What needs to be done
Your answer should restate each line of the data below word for word.

Dataset excerpts
+ + + + +
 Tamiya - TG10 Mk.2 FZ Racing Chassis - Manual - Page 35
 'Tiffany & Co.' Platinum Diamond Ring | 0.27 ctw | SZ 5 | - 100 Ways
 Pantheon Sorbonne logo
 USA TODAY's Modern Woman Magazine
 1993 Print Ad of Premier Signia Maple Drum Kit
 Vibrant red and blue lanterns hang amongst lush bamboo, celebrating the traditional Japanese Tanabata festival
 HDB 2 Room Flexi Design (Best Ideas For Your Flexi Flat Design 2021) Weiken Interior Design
+ + + + +
Output of the task
 Tamiya - TG10 Mk.2 FZ Racing Chassis - Manual - Page 35
 'Tiffany & Co.' Platinum Diamond Ring | 0.27 ctw | SZ 5 | - 100 Ways
 Pantheon Sorbonne logo
 USA TODAY's Modern Woman Magazine
 1993 Print Ad of Premier Signia Maple Drum Kit
 Vibrant red and blue lanterns hang amongst lush bamboo, celebrating the traditional Japanese Tanabata festival
 HDB 2 Room Flexi Design (Best Ideas For Your Flexi Flat Design 2021) Weiken Interior Design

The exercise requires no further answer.